*DATA RECORDS*
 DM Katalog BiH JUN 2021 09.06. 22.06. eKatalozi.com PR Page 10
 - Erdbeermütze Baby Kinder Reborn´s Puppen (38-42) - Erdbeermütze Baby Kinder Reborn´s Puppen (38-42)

---

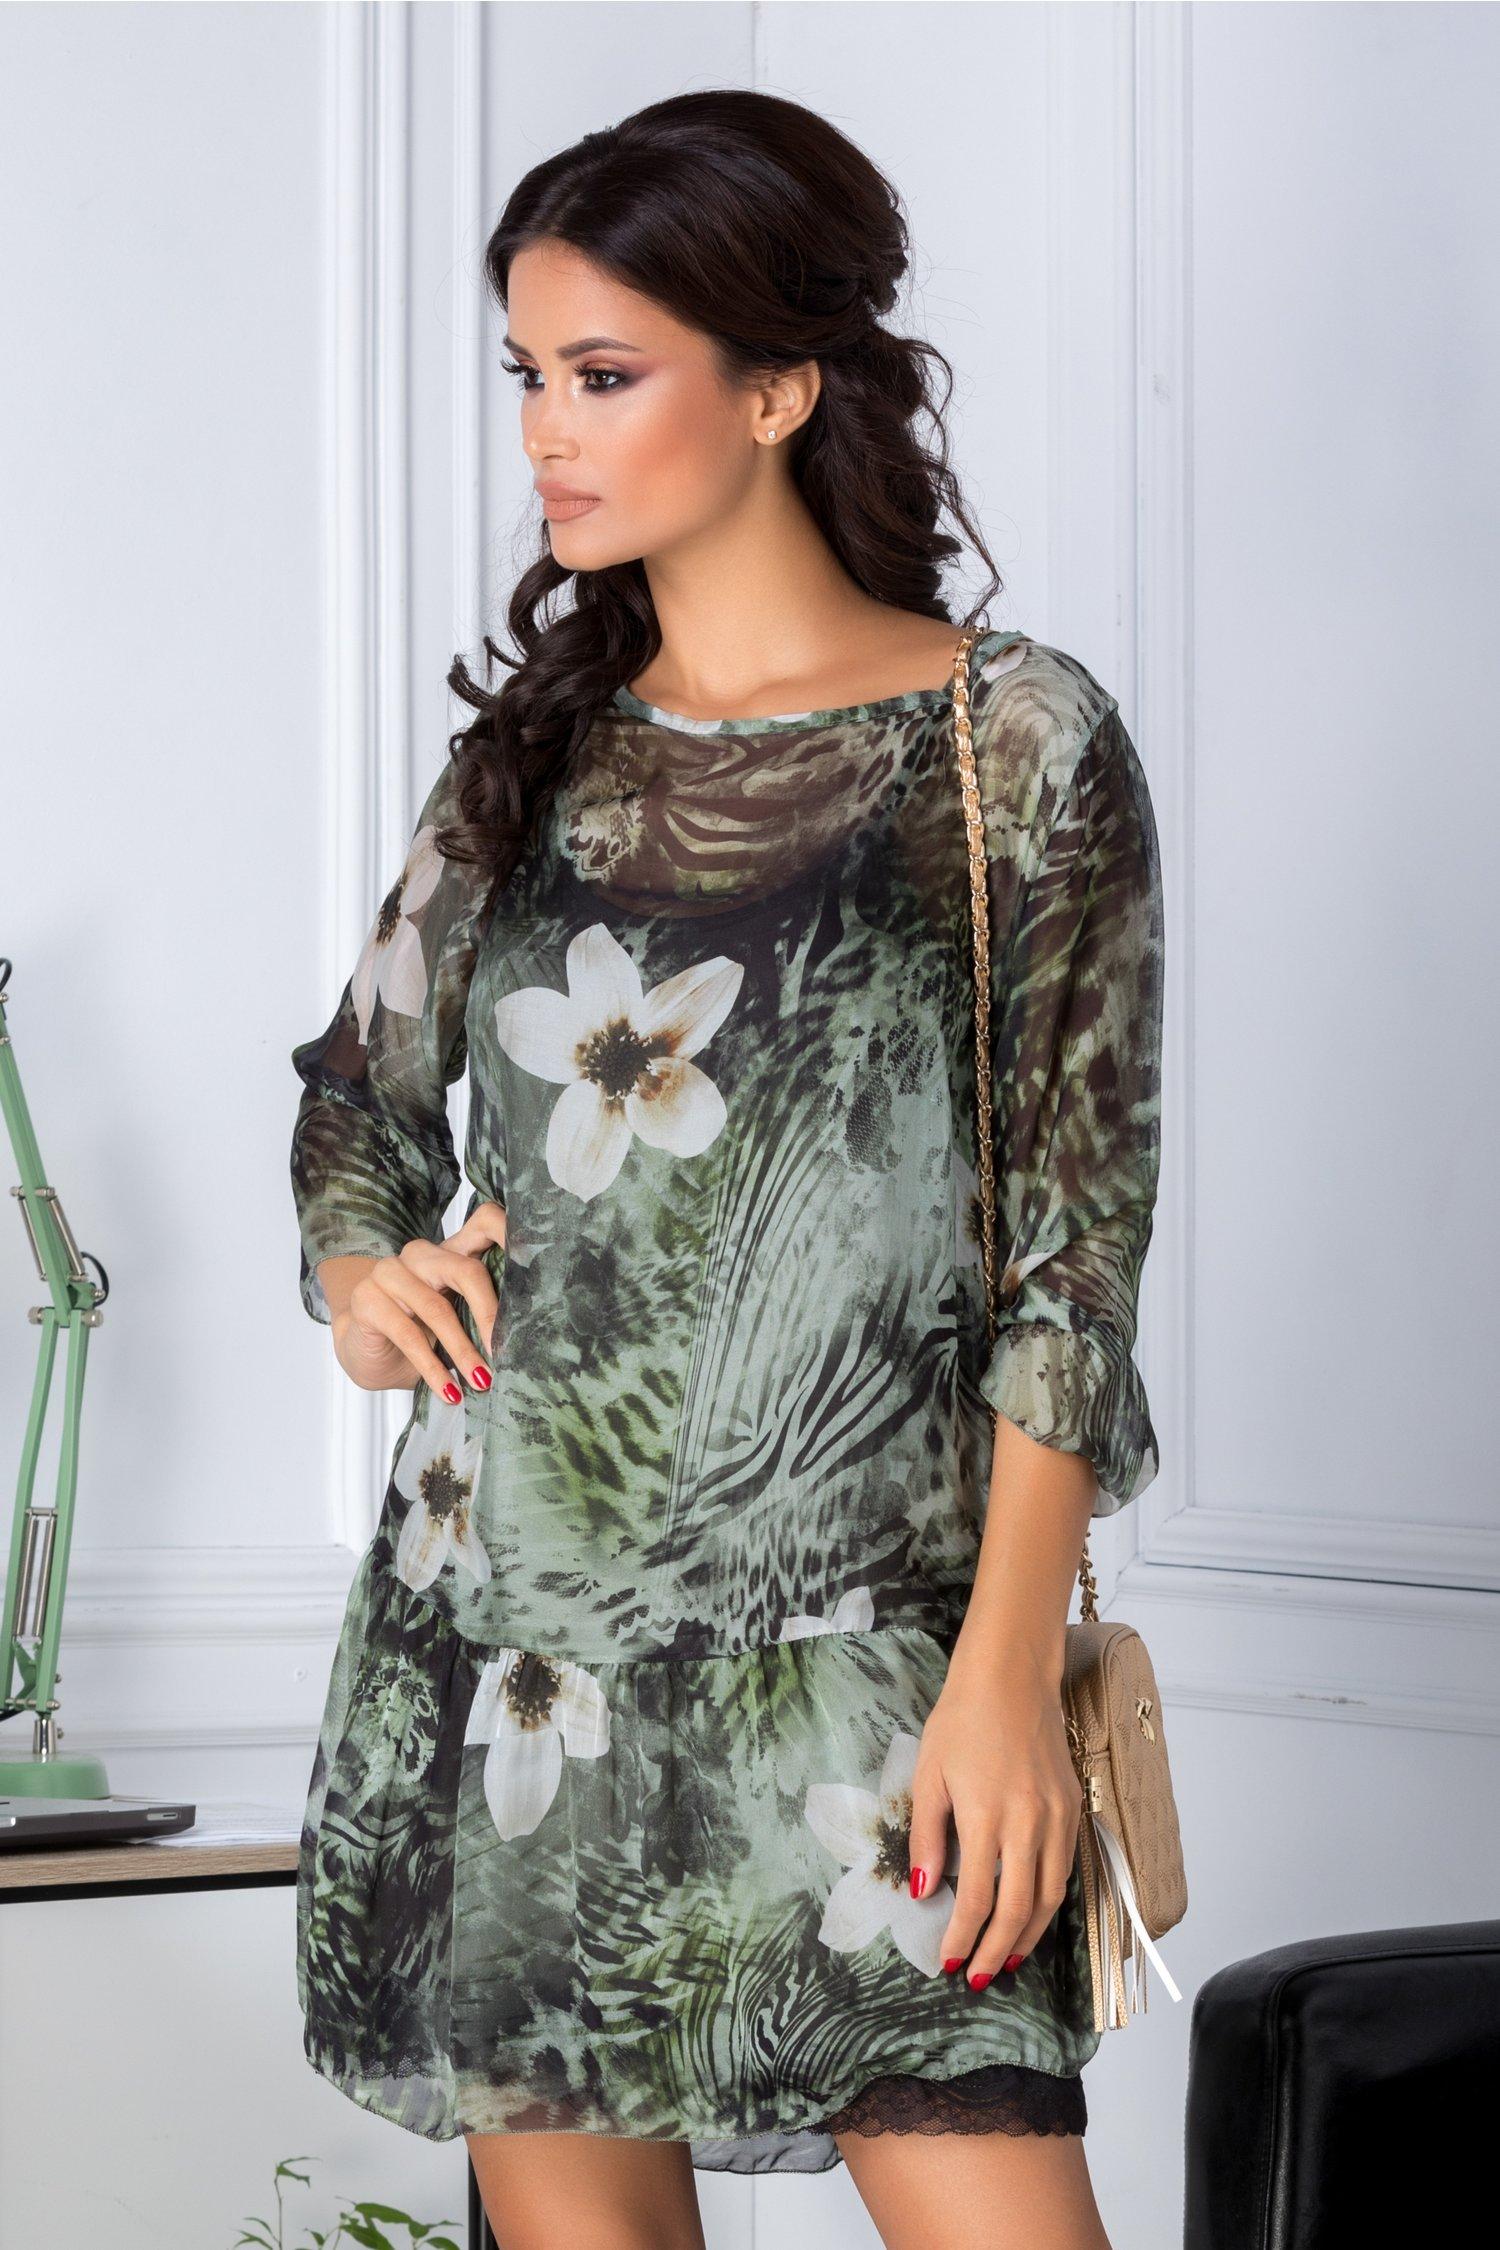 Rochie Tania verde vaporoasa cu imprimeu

--

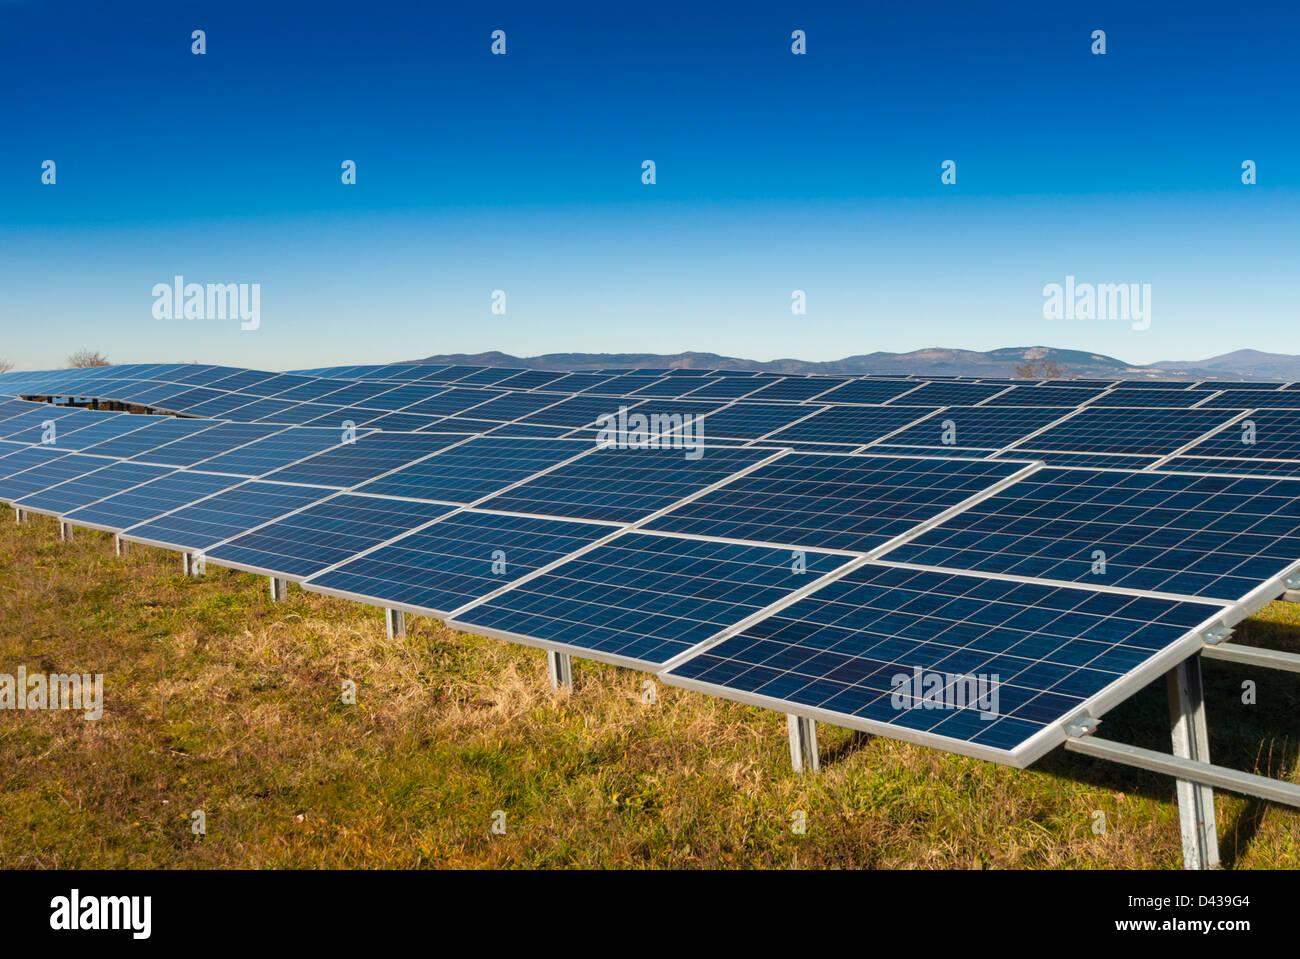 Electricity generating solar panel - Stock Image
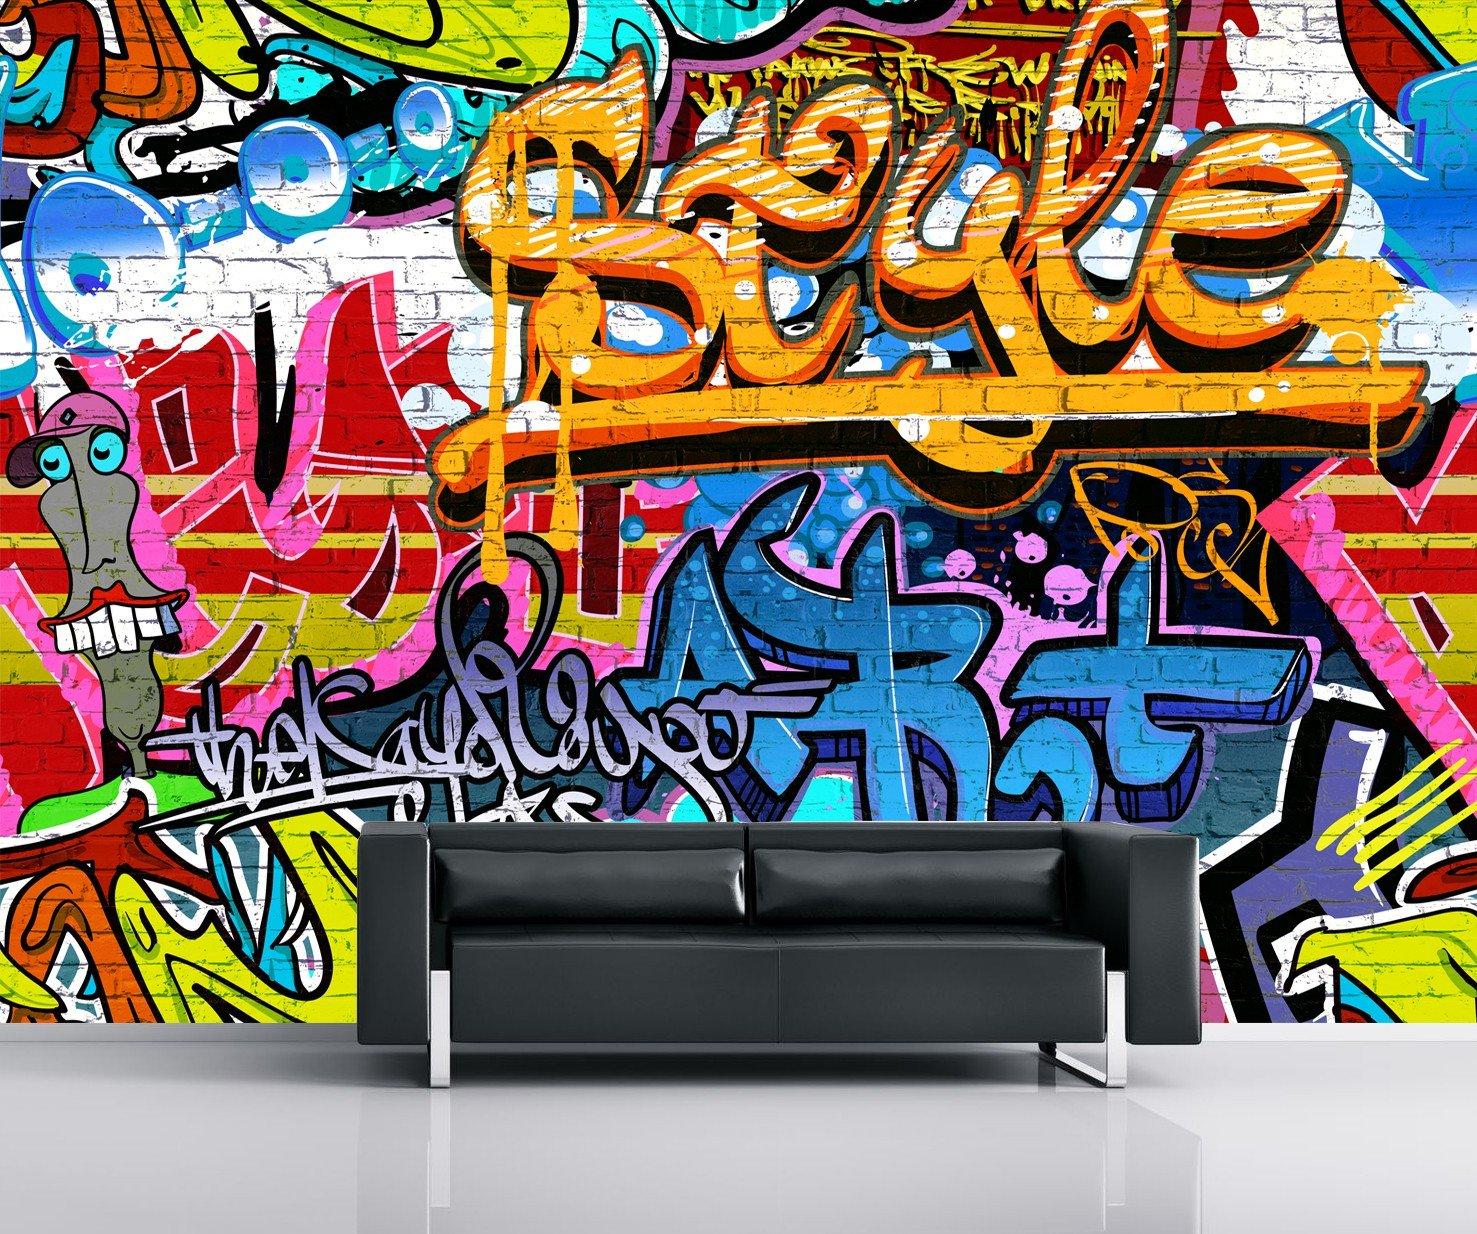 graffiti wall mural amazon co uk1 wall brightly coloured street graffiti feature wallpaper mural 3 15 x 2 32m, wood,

*WHAT YOU SHOULD DO*
Within the material above, extract exactly the lines that start at the line containing "DM Katalog BiH" and stop after the line containing "(38-42) - Erdbeermütze Baby Kinder Reborn´s Puppen (38-42)", and only those.

*RESPONSE BELOW*
 DM Katalog BiH JUN 2021 09.06. 22.06. eKatalozi.com PR Page 10
 - Erdbeermütze Baby Kinder Reborn´s Puppen (38-42) - Erdbeermütze Baby Kinder Reborn´s Puppen (38-42)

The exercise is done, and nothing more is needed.